Hat der legendäre Anführer der Kassam-Brigaden, Mohammed Deif, den israelischen Luftschlag während des Gazakrieges überlebt? Ein libanesischer Fernsehsender, der eng mit der Hisbollah-Terrormiliz verbunden ist, berichtete jetzt über einen Trauerbrief, den Deif angeblich an Hisbollah-Führer Hassan Nasrallah geschickt hat. Darin drücke Deif seine Trauer über den Tod von sechs Offizieren der Hisbollah aus. Sie waren am vergangenen Sonntag bei einem Luftschlag umgekommen, der Israel zugeschrieben wird.

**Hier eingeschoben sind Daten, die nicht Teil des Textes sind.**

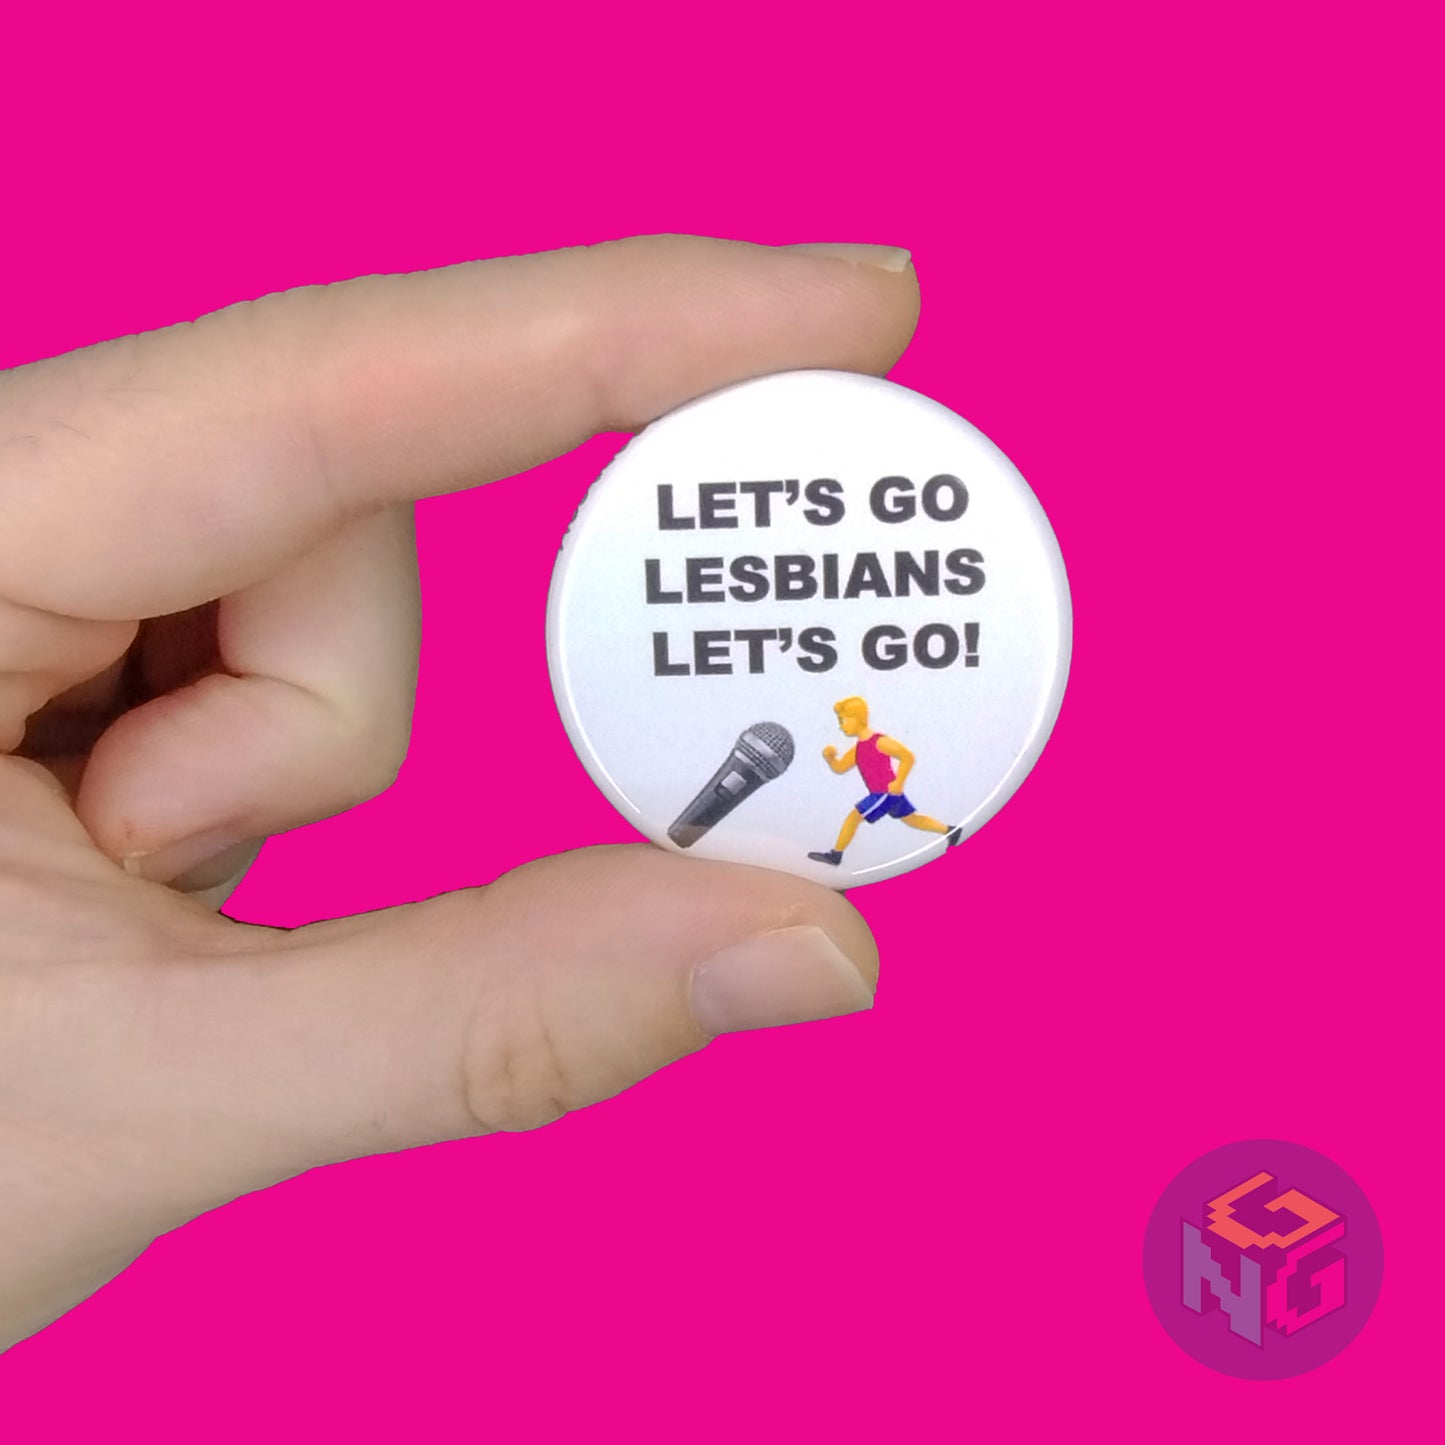 light skin hand holding the round white let's go lesbians pin in front of a pink background

Mohammed Deif fordere in dem Brief dazu auf, alle Waffen auf Israel zu richten, das sich barbarisch verhalten habe. Ferner heißt es in dem Brief, dass alle islamischen Widerstandsgruppen sich vereinigen sollten.
In der Schlussphase der Militäroperation „Starker Fels“ hatte Israels Armee ganz gezielt Deifs Haus in Gaza-Stadt bombardiert. Der Geheimdienst ging davon aus, dass er sich zu dieser Zeit dort aufhielt. Die Hamas bestätigte danach den Angriff und räumte ein, dass Deifs Frau und sein Sohn dabei ums Leben kamen. Die israelische Armee ging davon aus, dass auch Deif selbst bei dem Angriff starb. Die Hamas bestritt dies jedoch vehement.
Von Deif, dem „Phantom von Gaza“, gibt es seit Jahren keine aktuellen Fotos. Er ist ein radikaler Judenfeind und kluger Militärstratege. In den vergangenen 20 Jahren hat Deif vier gezielte Tötungsversuche des israelischen Militärs überlebt. Er soll dadurch schwer behindert sein und im Rollstuhl sitzen. Der „Terrorfürst“ von Gaza gilt als Drahtzieher zahlreicher Anschläge auf Israelis und als „Erfinder“ der Terror-Tunnel-Strategie.
Foto: Die Beerdigung von Widad Deif, der Ehefrau des „Terrorfürsten“, und ihrem Sohn Ali am 20. August 2014 nutzte die Hamas für eine Großkundgebung.